O LIVING always, always dying! O the burials of me past and present, O me while I stride ahead, material, visible, imperious as ever; O me, what I was for years, now dead, (I lament not, I am content;) O to disengage myself from those corpses of me, which I turn and look at where I cast them, To pass on, (O living! always living!) and leave the corpses behind. (O LIVING ALWAYS, ALWAYS DYING by Walt Whitman)*
We know why students were promised a near normal campus experience. We understand the politics of government and the dance of Vice-Chancellors. The government should have stepped in over the summer of 2020 to underwrite the higher education sector, but they did not. And so the propaganda of university managements began, which, they gambled, if spun out for long enough would prevent the realisation of tuition fee and accommodation refunds.
University managements promoted their campuses as COVID-secure and, by enticing students back, made the university a major amplification hub of COVID-19. The assurance that the space of the university is COVID-secure was and remains a troubling and dangerous fallacy in contradiction of scientific evidence and recommendation, and critical thought. The COVID-secure campus implies a certainty to remain safe and unthreatened by COVID-19 when there is no certainty, only some measures that might reduce the risk of infection. It infers an ability to make the bodies within a designated space free from viral contamination. However, the higher education sector is unique in its geographical concentration of networks of young people and in its generation of the prime conditions for COVID-19 to spread and (as an RNA virus) to mutate.
The outcome we all saw coming was stated in The Lancet in early November 2020: “Universities have been a major hub of community transmission”. As academics and union members, the university amplification of COVID-19 has dragged us from a strike of biophilic love, solidarity and living towards the “valley of the shadow of death” (Fromm, 1968: 48).
In a surreal, illusionary alter-universe, university managements continue to busy themselves with surveys asking students what they want. It is the perverse logic of a marketised higher education sector to ask students what they want amid a global pandemic and public health emergency, rather than focus on what they need and delivering that well. It is a further perversity of this marketisation that university managements have chosen to ignore the possibility of morbidity, i.e. Long COVID, in their risk assessments and health and safety measures, while on their websites and press releases promote the cutting-edge research of their institutions on the reality and nature of Long COVID. The falsehood that set students up for a little less than normal university experience is one that threatens some of these students and their academic staff to long-term heart and multiple organ damage. The tendency of most academic staff to seek to avoid face-to-face teaching and deliver online is an expression of “the most elementary form” of biophilia: “a tendency to preserve life, and to fight death” (Fromm, 1968: 45). It is the basic desire for life, for oneself and others, not morbidity or mortality.

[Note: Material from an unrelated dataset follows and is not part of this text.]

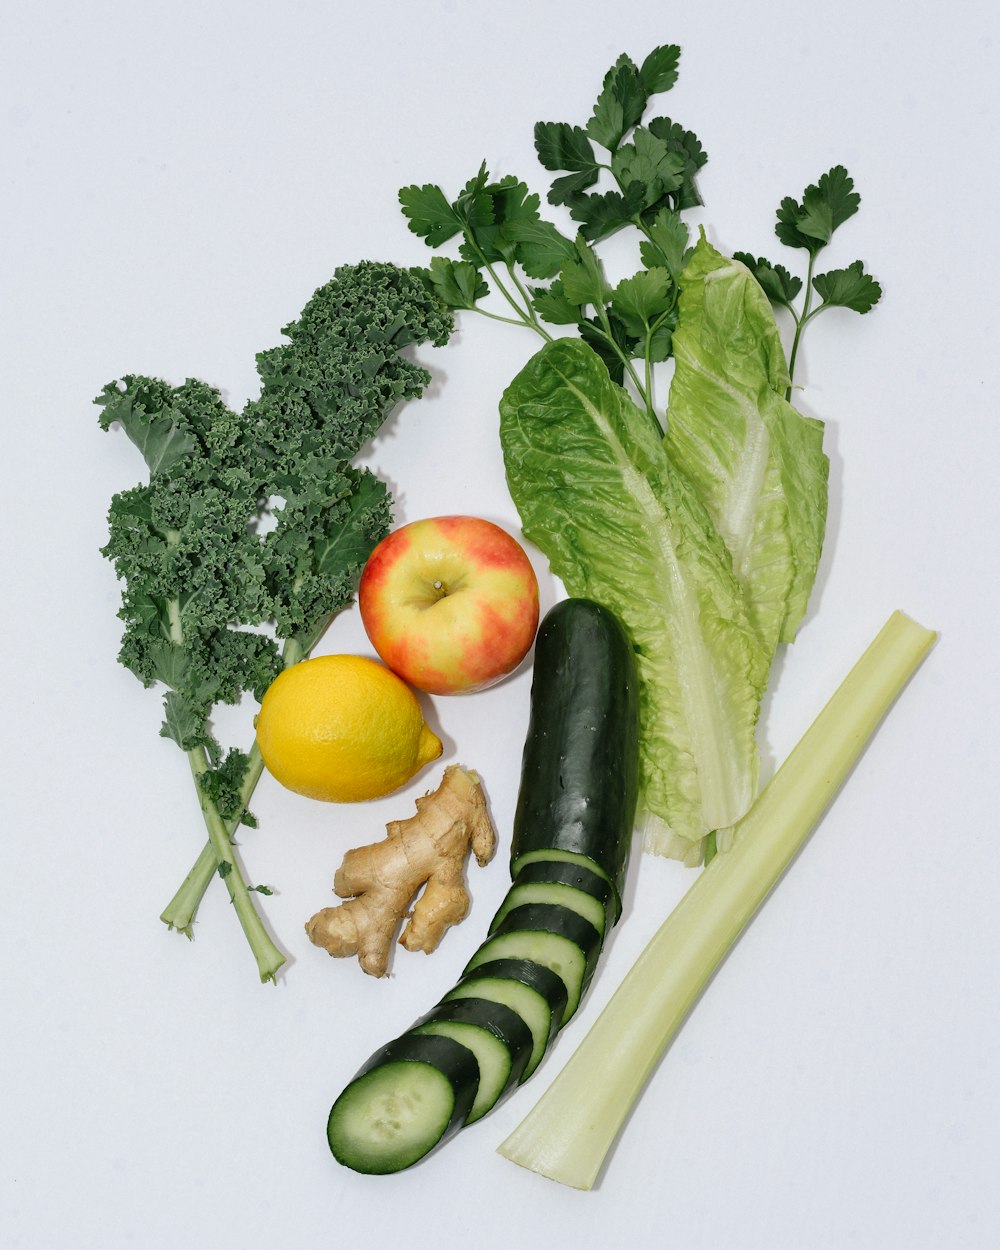 Fotografía plana de verduras

When university managements respond to the actual manifestation of sick students and staff and to the prospect of one of us dying, their rehearsed lines imply an indifference to life: one cannot prove they caught COVID on campus, or if they did catch COVID on campus then it was their fault for not following the health and safety guidance. This is the necrophilic logic of “quantification, abstractification, bureaucratization, and reification” (Fromm, 1968: 59); the “question here is not whether [we] are treated nicely […] (things, too, can be treated nicely); the question is whether people are things or living beings” (ibid: 57). The COVID-insecure and market-driven university has acutely exposed its workers, its students and the public to both an amplification of a perilous new infectious disease and its own class nature and detachment from life.
Book reference:
Fromm, Erich (1968) The Heart of Man: Its Genius for Good and Evil. Harper & Row: London.